2. **Isolation by `session_prefix`.** Two projects never collide as long as their `session_prefix`
differ. The PO assigns each project a unique prefix at creation.
3. **State is on disk, not in the PO.** Phase index, resume ids and limit windows live under the
project's `log_dir`. The PO can restart a project (or the whole host) and the watchdog resumes
from there.
4. **Knowledge is one-directional.** A project repo contains nothing about the PO or the fleet —
it can be run by hand and would have no idea a PO exists. The PO's fleet registry is the only
record of which projects exist and at what engine ref. This repo never reaches "up" toward a PO.
5. **Submodule pin = the engine version.** A project pins this repo at a tag (e.g. `v0.1.0`) as a
submodule under `engine/`. Bumping is per-project and opt-in (`git submodule update --remote`);
one project's bump can't break another.
A minimal project layout the PO scaffolds:
```
my-project/ # its own repo; knows nothing about the PO
agents.toml # harness config (this schema)
engine/ # this repo as a pinned submodule
prompts/ # role prompts + kickoff template
machine-docs/ # the loop pair's coordination files (STATUS/REVIEW/inboxes)
.ao-state/ # runtime state + logs (gitignored)
.env # project creds (never in git)
```
Run it by hand with `engine/agents.py up --config agents.toml`.
---
## Nix
A `flake.nix` provides a reproducible devShell with the runtime deps (`python311` for stdlib
`tomllib`, plus `tmux` and `git`):
```bash
nix develop # enter the shell
nix develop -c python3 agents.py selftest # or run one command in it
nix flake check # evaluate + build the devShell
```
The agent CLIs themselves (`claude`, `opencode`) are **external, non-Nix tools** — install them
per their own docs and make sure they are on `PATH` before launching live agents. The devShell
documents this in its banner.
---
## Adding things
- **Add an agent** — add an `[[agent]]` block; `agents.py up <name>`. No code change.

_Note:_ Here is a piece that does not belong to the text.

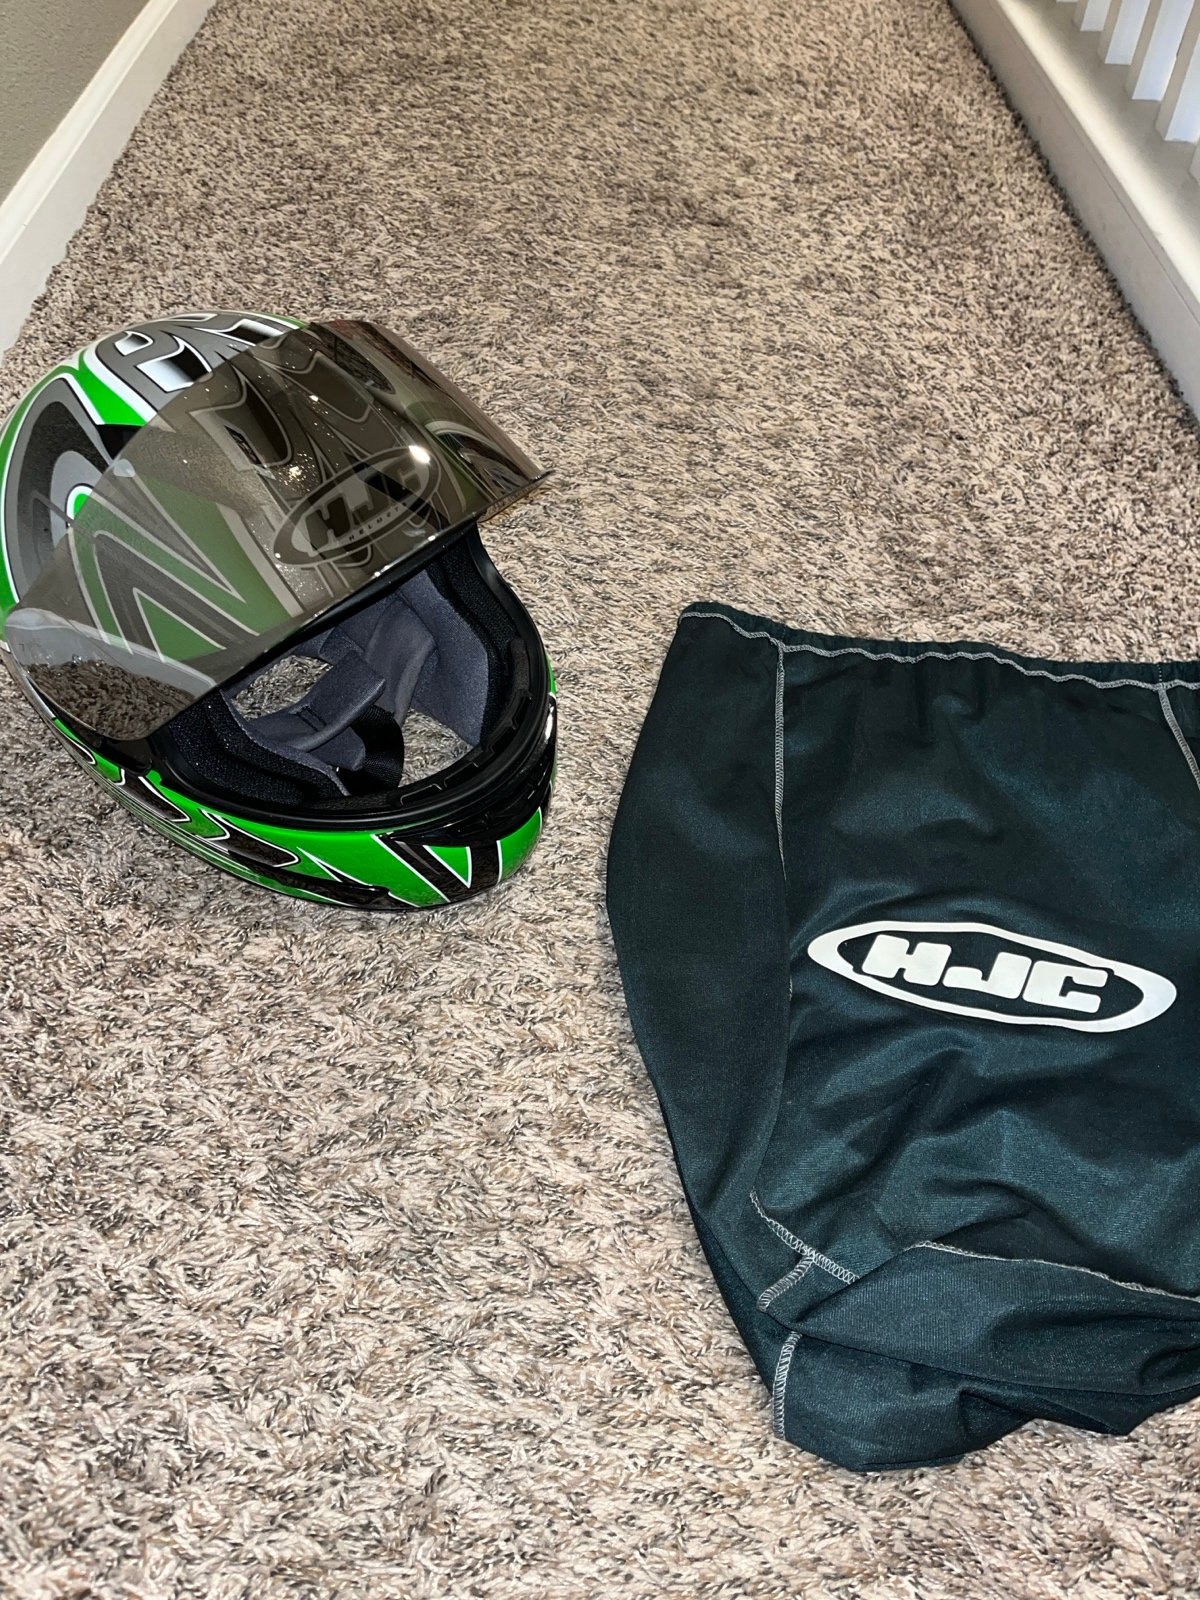 Hjc Motorcycle Helmet w/ drawstring case size medium (7 1/8 - 7 1/4) PaRMKYePl
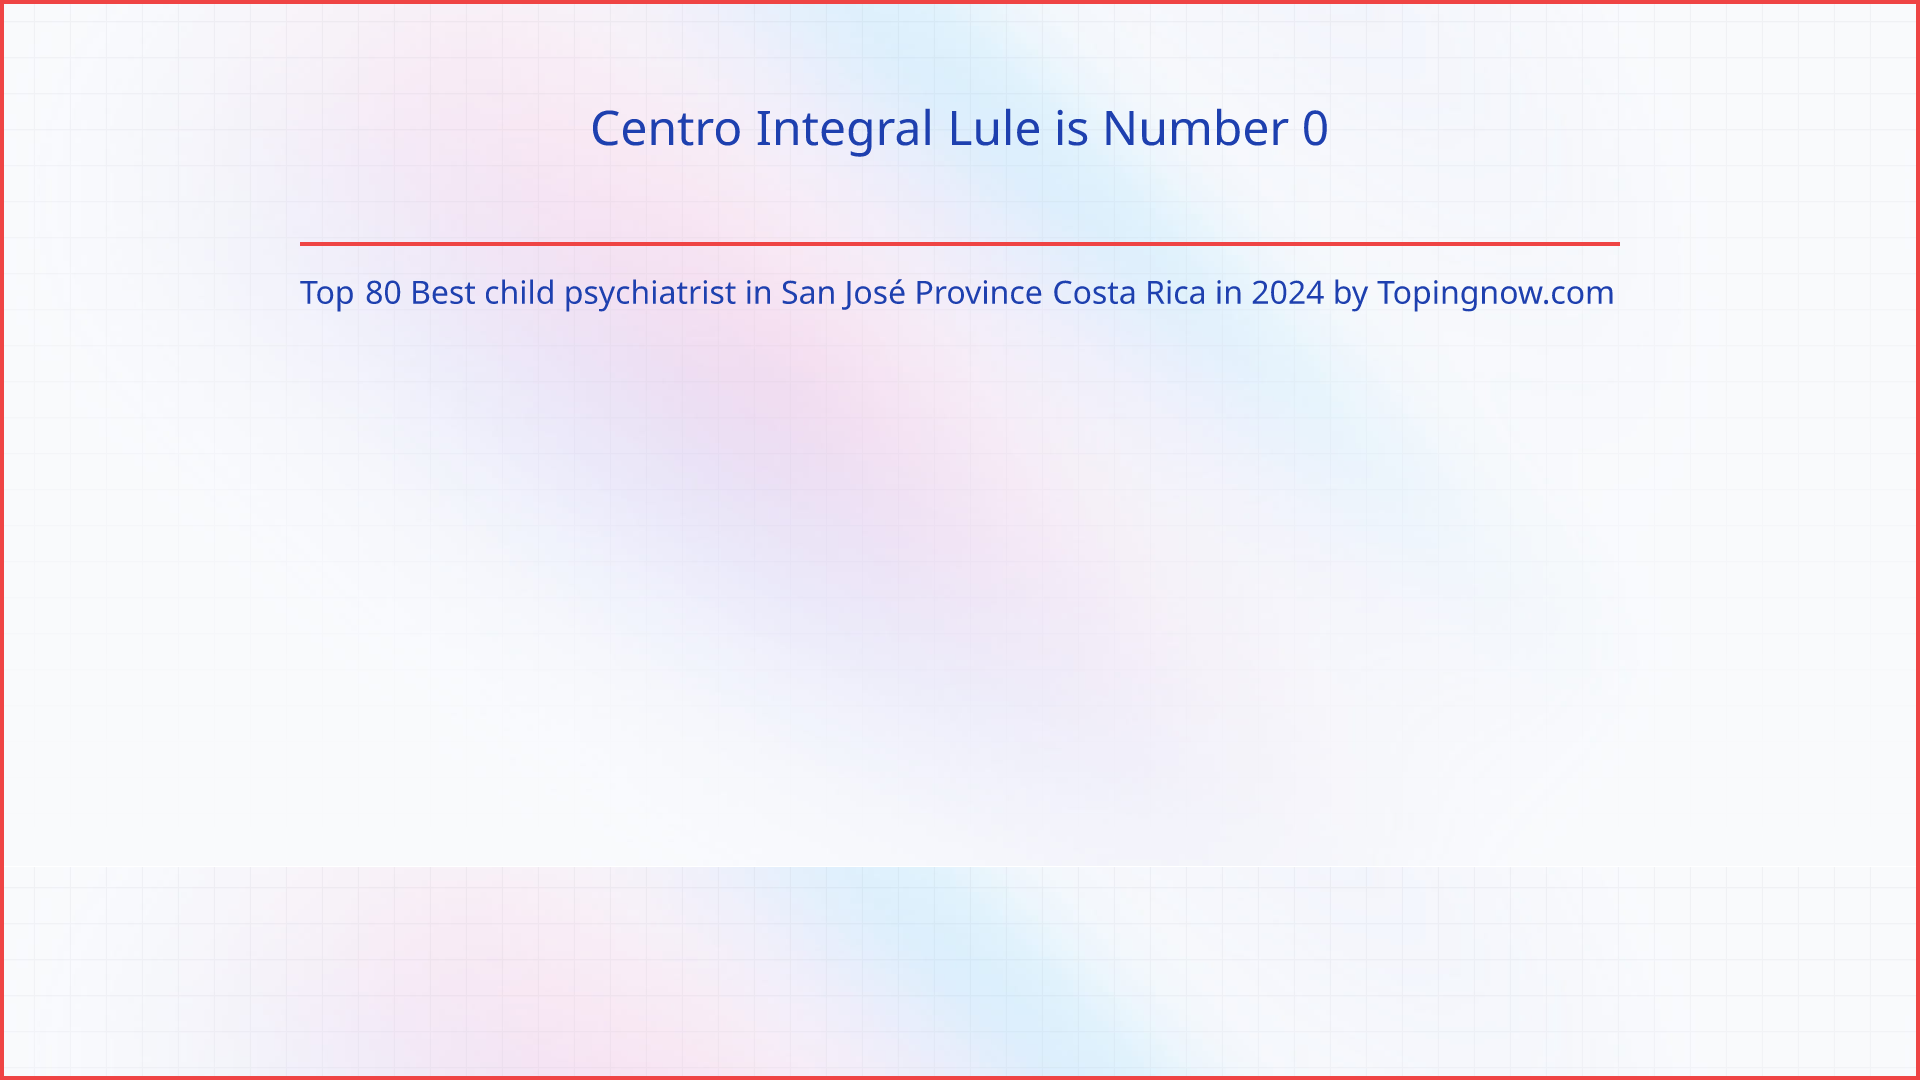 Centro Integral Lule: Top 80 Best child psychiatrist in San José Province Costa Rica in 2024

- **Add a backend** — add a `[backend.<name>]` block (`bin`, `prompt_delivery`, the regexes);
point an agent at it with `backend = "<name>"`.
- **Add / append a phase** — add an entry to `[loop].phases`; the watchdog advances into it
automatically (clearing a stale `SEQUENCE-COMPLETE` if the sequence had finished).
- **Change a model or backend** — edit the field (or a phase's `models = {}`), then
`agents.py down <name> && agents.py up <name>`. The watchdog re-reads the file; it won't fight you.